Limit Point iff Superfilter Converges

From ProofWiki
Jump to navigation Jump to search

Theorem

Let $T = \left({S, \tau}\right)$ be a topological space.

Let $\mathcal F$ be a filter on $S$.

Let $x \in S$.


Then $x$ is a limit point of $\mathcal F$ if and only if there exists a superfilter $\mathcal F'$ of $\mathcal F$ on $S$ which converges to $x$.


Proof

Let $x$ be a limit point of $\mathcal F$.

Define:

$\mathcal B := \left\{{F \cap U : F \in \mathcal F \text{ and } U \text{ is a neighborhood of } x}\right\}$

Then $\mathcal B$ is filter basis by definition.

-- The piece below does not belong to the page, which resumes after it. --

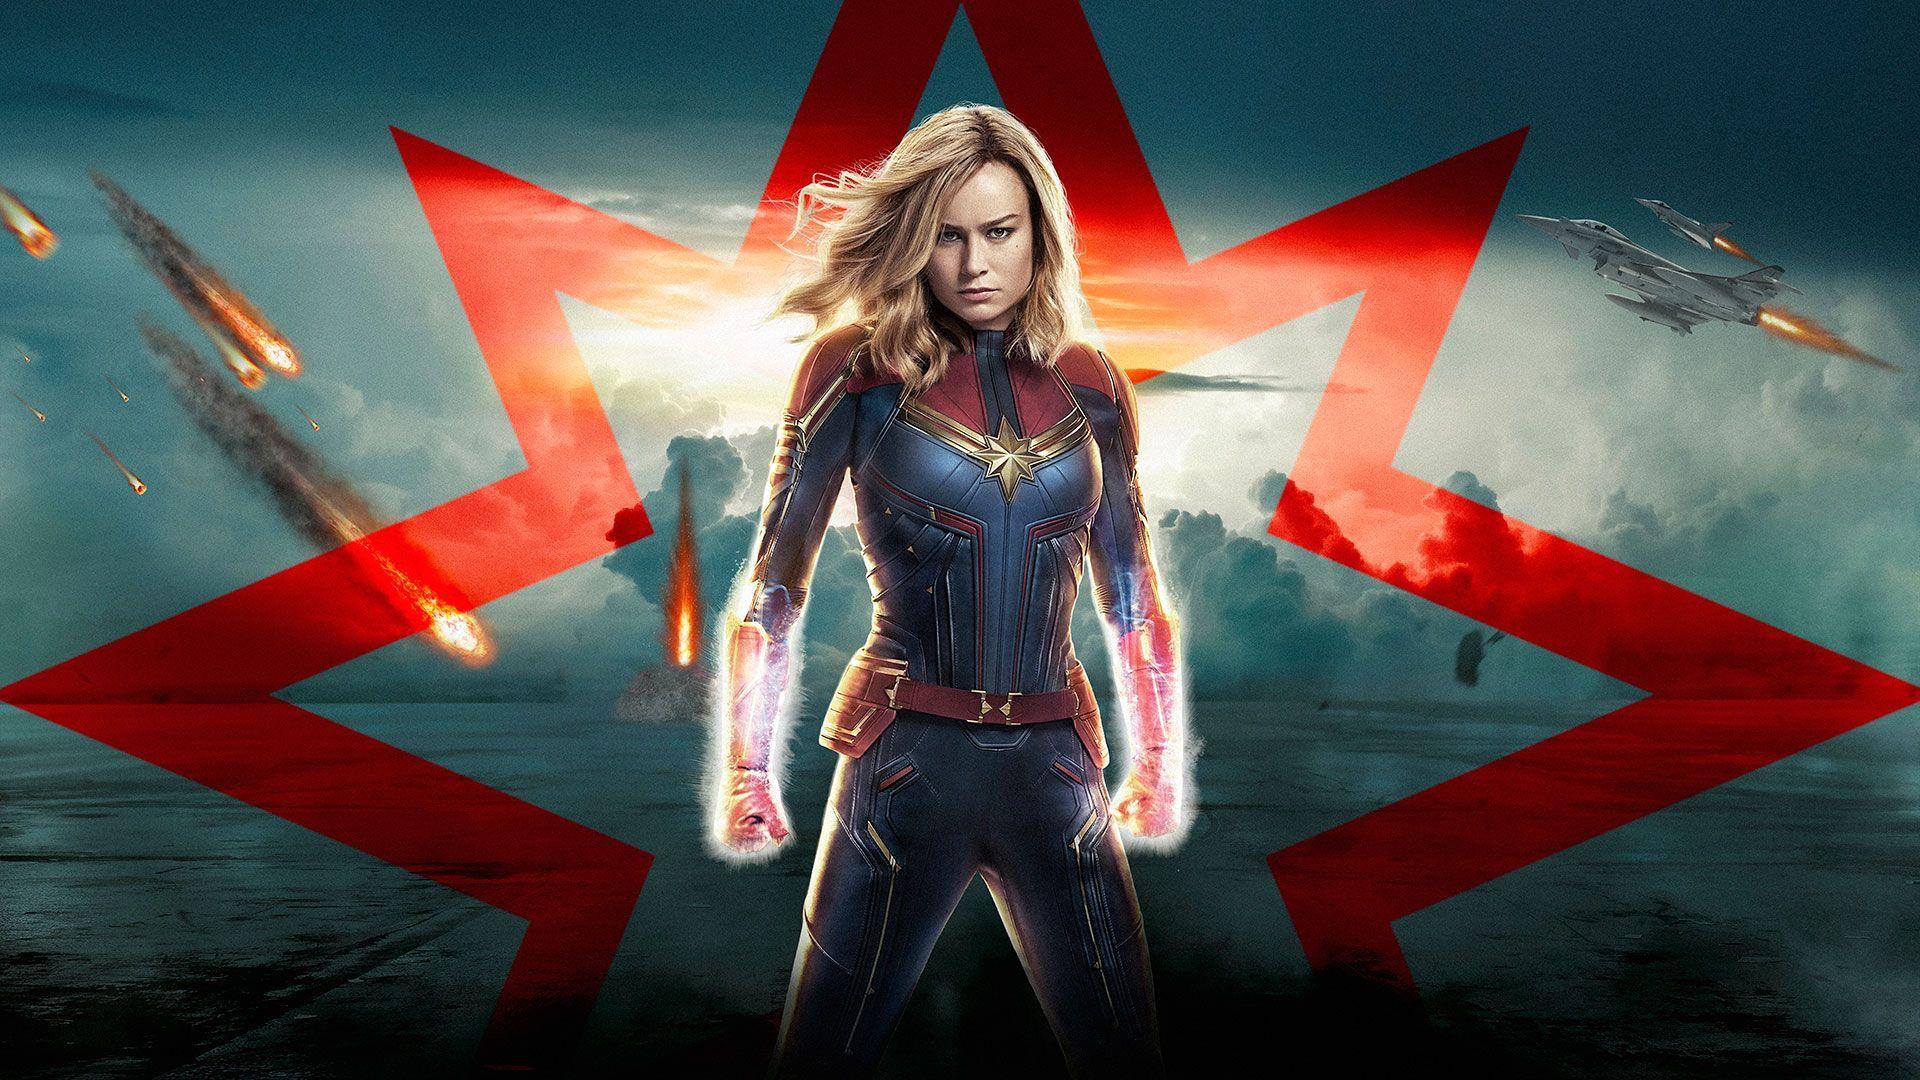 50 Captain Marvel Wallpaper Ideas In 2020 Captain Marvel Marvel Wallpaper Marvel

Let $\mathcal F'$ be the corresponding generated filter.

By construction we have $\mathcal F \subseteq \mathcal F'$ and $U \in \mathcal F'$ for every neighborhood $U$ of $x$.

Thus $\mathcal F'$ converges to $x$.

$\Box$


Let there be a filter $\mathcal F'$ on $X$ satisfying $\mathcal F \subseteq \mathcal F'$ which converges to $x$.

Let $U \subseteq X$ be a neighborhood of $x$.

Let $F \in \mathcal F$.

Then:

$U, F \in \mathcal F'$

and therefore:

$U \cap F \in \mathcal F'$

Because $\varnothing \notin \mathcal F'$ it follows that:

$U \cap F \ne \varnothing$

This holds for any neighborhood $U$ of $x$.

Hence $x$ is a limit point of $F$.

Therefore:

$x \in \overline F$

Because this holds for all $F \in \mathcal F$:

$\displaystyle x \in \bigcap \left\{{\overline F : F \in \mathcal F}\right\}$

and so $x$ is a limit point of $\mathcal F$.

$\blacksquare$